> From: Chuck Norcutt <chucknorcutt@xxxxxxxxxxx>
>
> Unfortunately, the Y2K crisis was real and
> had nothing to do with the inherhent capabilities of the computers
> involved.
Well, it did, actually. If you used your operating system's date and
time facilities, you either had the problem at a very deep level, or
you didn't have it at all.
I agree that if you IGNORED your platform's date and time facilities
and went your own damn way, you could have had problems no matter what
you were on, but I never met any of THAT software! I've avoided bad
ports of other computer's software like the plague!
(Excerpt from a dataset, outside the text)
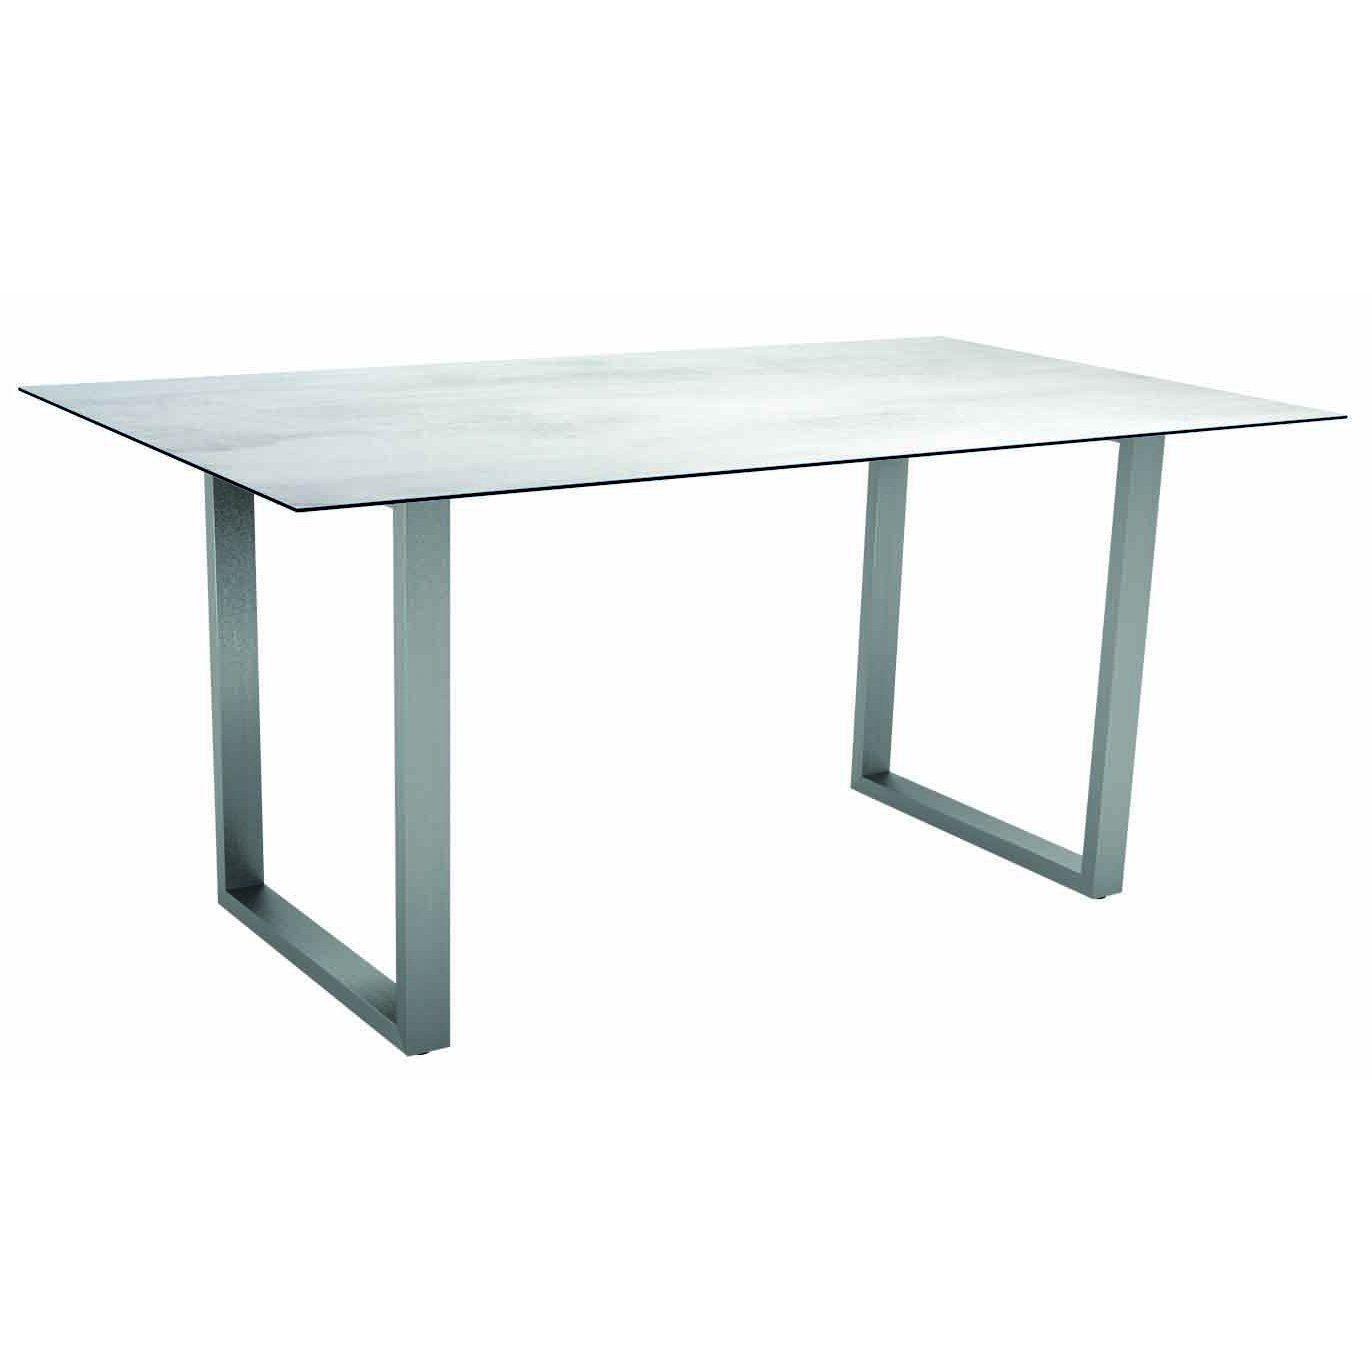 Stern Kufentisch, Gestell Edelstahl, Tischplatte HPL Zement hell, Tischgröße: 160x90 cm

Keeping away from any computer anyone here might be emotionally
involved with, the Unix computers that run the Internet had no problem,
for example, while many banking systems that ran COBOL on old
mainframes did.
The reason Peak Oil is different than Y2K is that it is not an event.
People everywhere could imagine what midnight on December 31, 1999
might do. They have no idea what slowly going from increasing oil
supply, to flat, to decreasing is going to do. People don't prepare
well for things that happen in nearly imperceptible increments.
OM content regarding perceptible increments: I just taught a unit on
depth of field, and used a sequence of the same scene (near flowers,
far tree), shot with the Zuiko 300/4.5 at f4, f8, f16, and f32. People
really "get it" when they see that sequence!
:::: Some call it vision; some call it temporal lobe epilepsy.